Water samples were collected from the artificial reservoir of the Pinios Dam at four predetermined stations (ST1, ST2, ST3 and ST4), strategically selected to provide comprehensive coverage of the study area (Figure 2). These stations were located along the reservoir’s main axis, with water depths ranging from 12 m to 36 m (ST1: 36 m, ST2: 28 m, ST3: 20 m, ST4: 12 m) when the reservoir was at its maximum water capacity. The maximum capacity of the reservoir is reached at +93 m (elevation above sea level), and the minimum water level is at +51 m. During the sampling period, the water level in the reservoir varied from +79.8 m to +88.0 m, presenting the lowest level in October 2023. Sampling occurred seasonally, between February 2023 and October 2023. Samples were collected at 4 m intervals from the surface to the bottom using a Ruttner-type water sampler, yielding a total of 74 samples for analysis.

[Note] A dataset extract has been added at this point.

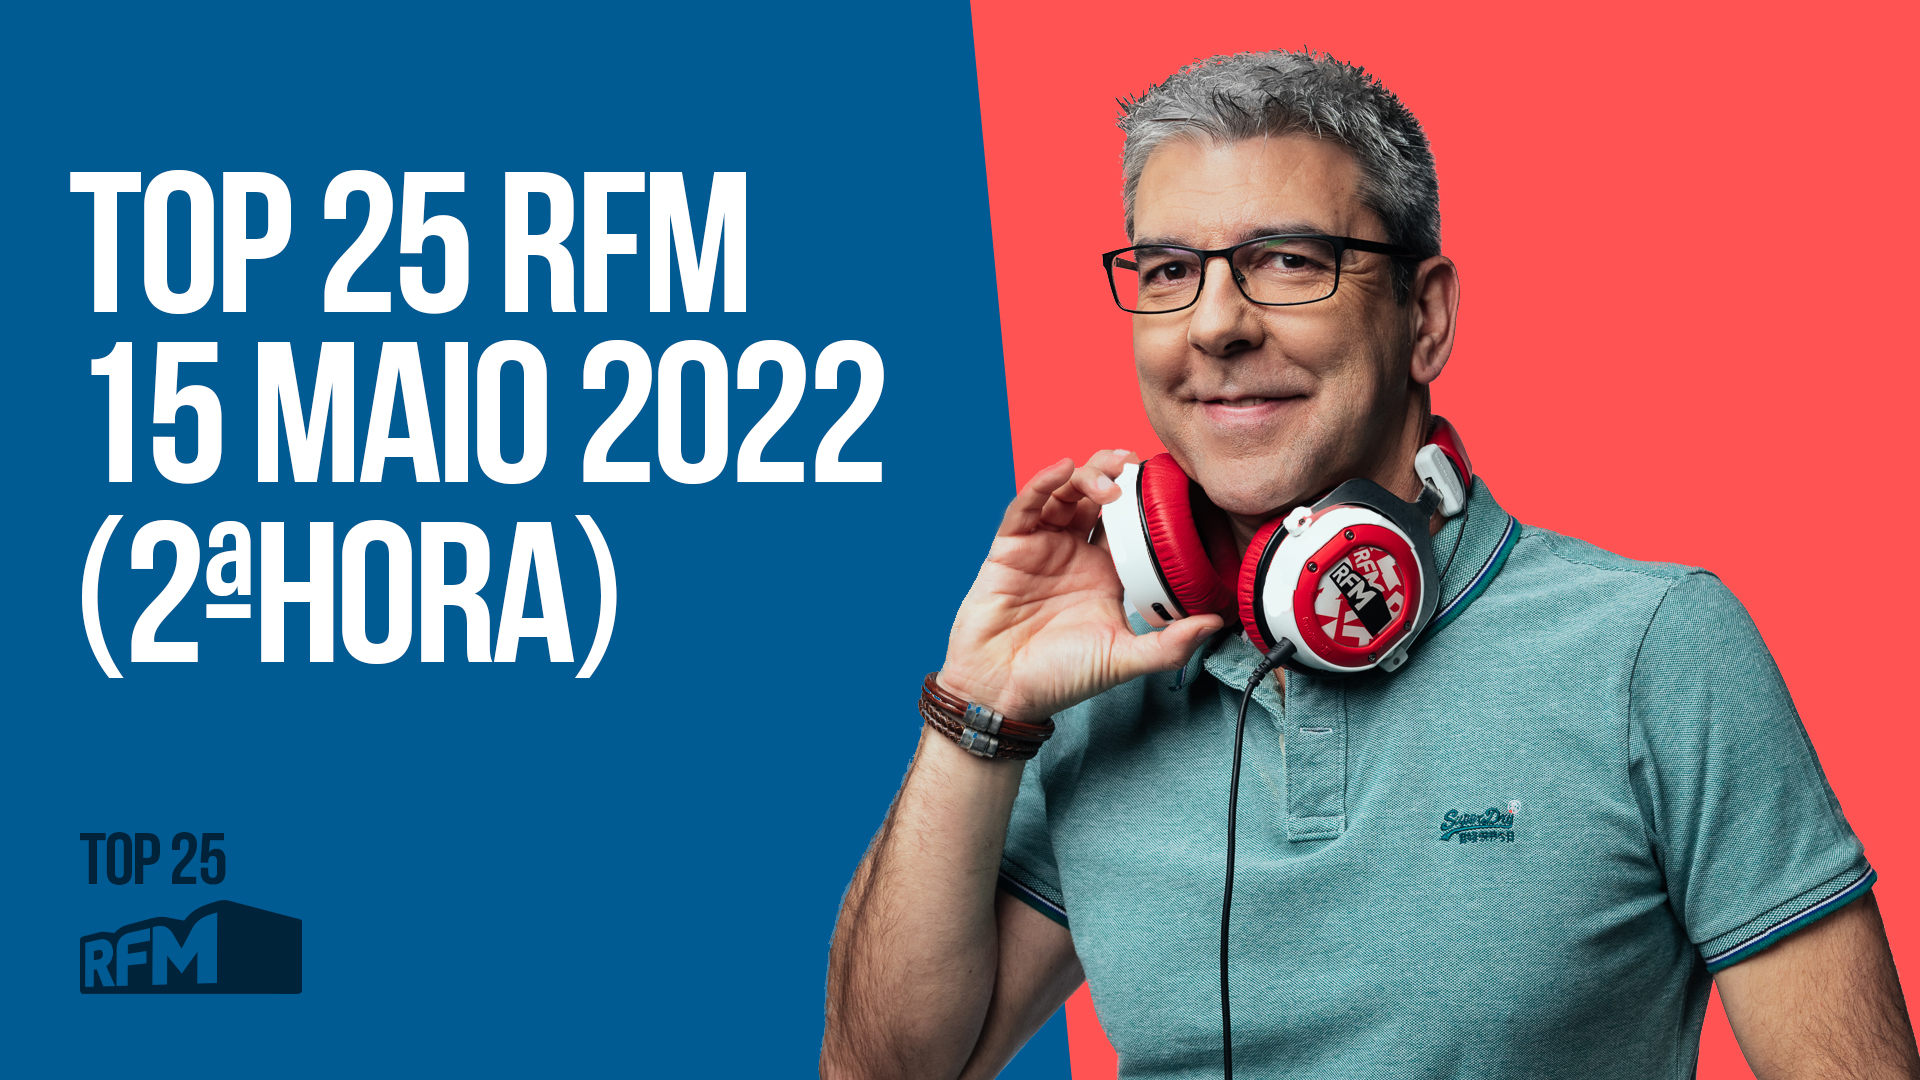 TOP 25 RFM 15 MAIO DE 2022 - 2ª HORA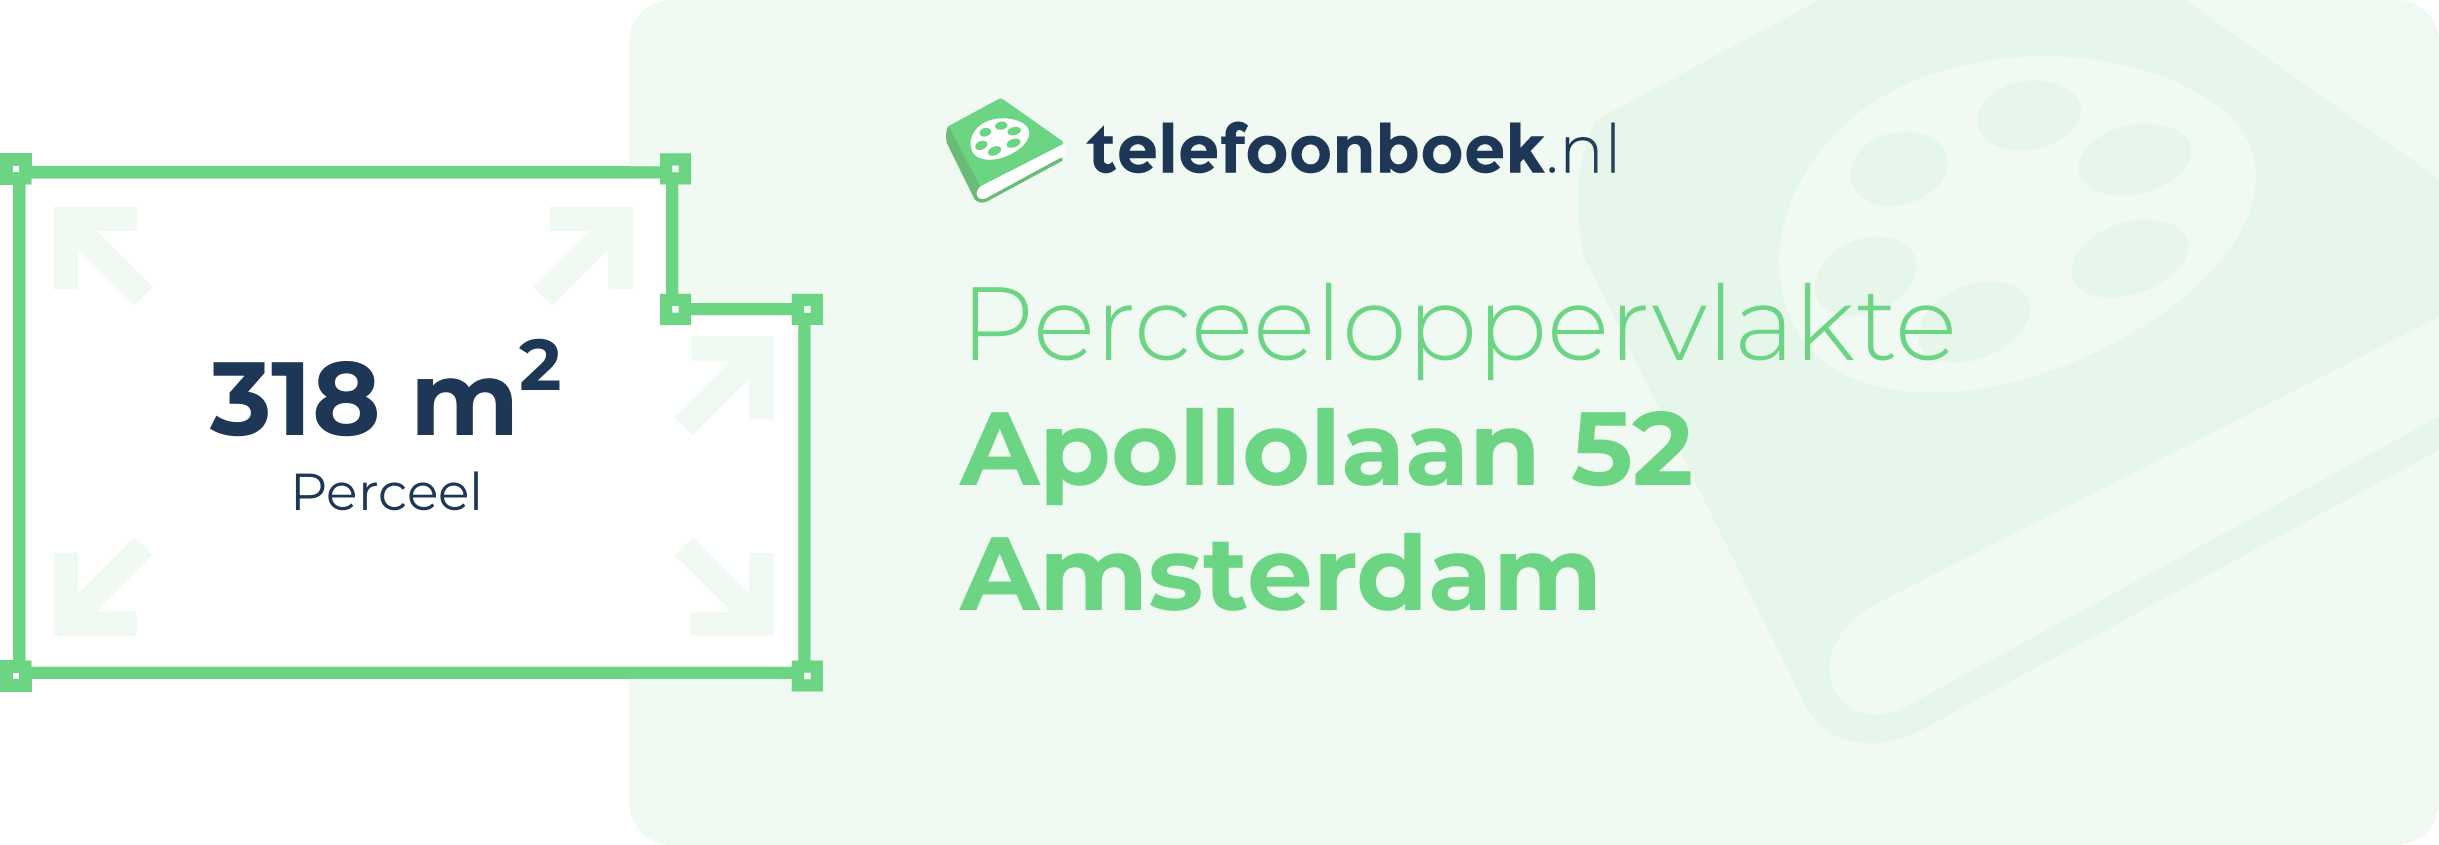 Perceeloppervlakte Apollolaan 52 Amsterdam

Physicochemical parameters (pH, temperature, dissolved oxygen and conductivity) were measured using an In-Situ Aqua Troll 6000 portable multi-parameter probe (In-Situ Inc., Fort Collins, CO, USA). Vertical profiles were taken every season in each monitoring station at approximately 10 cm intervals.
Water samples were analyzed in the laboratory for manganese (Mn) and iron (Fe) using a DR3800 Hach Lange (Hach Lange GmbH, Berlin, Germany) spectrophotometer according to LCW532 [26] and LCK321 [27] water quality analysis procedures. All laboratory analyses were carried out at the Laboratory of Sedimentology in the University of Patras, which is accredited by the Hellenic Accredited System according to ISO 17025/2017.
3. Results
3.1. Physicochemical Parameters
Seasonal temperature variation indicated that the Pinios Dam reservoir is a typical warm monomictic lake, with winter mixing occurring in February (Figure 3). From February onwards, the surface layer of the lake gradually warmed, and by May, the stratification of the water column into an epilimnion, metalimnion and hypolimnion was clearly observed (Figure 3). The strongest thermal stratification was recorded in August, when the epilimnion extended to a depth of 15 m, and the metalimnion was observed between 15 and 25 m (Figure 3 and Figure 4).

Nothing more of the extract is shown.